I've got a toy implementation that just counts how many data points can be
ignored in different scenarios.  I want to compare it to some other tree
types just to see how many data points each tree has to go through.  I have
no idea what even a good ballpark figure is for this.  If it turns out to
be similar, then I'll start doing optimizations and see how close the
actual run times are.

>The traverser actually collects the number of prunes nodes, but in my
experience this really isn't a great measure of how good a tree object is.
 A better measure might be the number of nodes actually visited (there are
what, around O(n^2 log^2 n) maximum?).

Yeah, by pruned nodes, I had meant including all the nodes in the subtrees
too, so I think these measures are really the same thing.  What I'm not
clear on, though, is why is the number of nodes actually visited not equal
to the number of times base case is called?
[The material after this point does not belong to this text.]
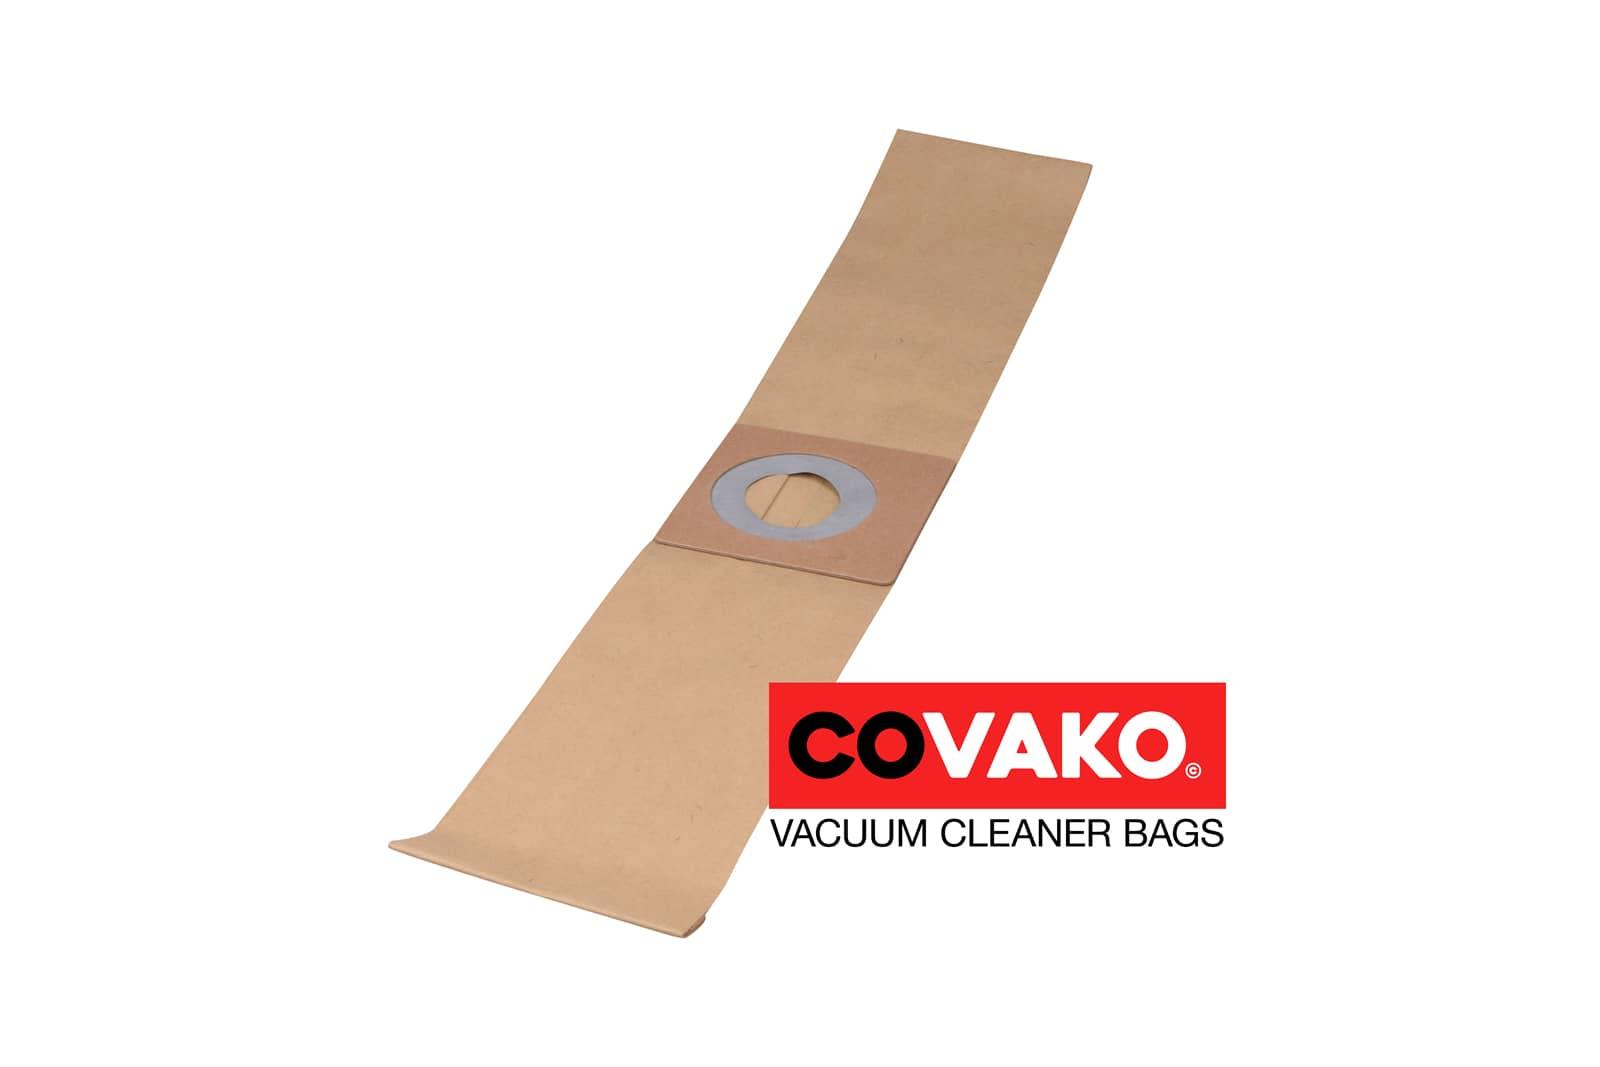 Fakir Micro / Papier - Fakir stofzuigerzakken

>Other statistics might show better comparisons than the number of pruned
nodes, such as the number of base case evaluations and the number of
node-to-node distance calculations.  I can happily furnish code to output
this on demand, if this is what you want.  It will take me five minutes and
is no problem at all.

This would be totally awesome!  That's exactly what I'm looking for.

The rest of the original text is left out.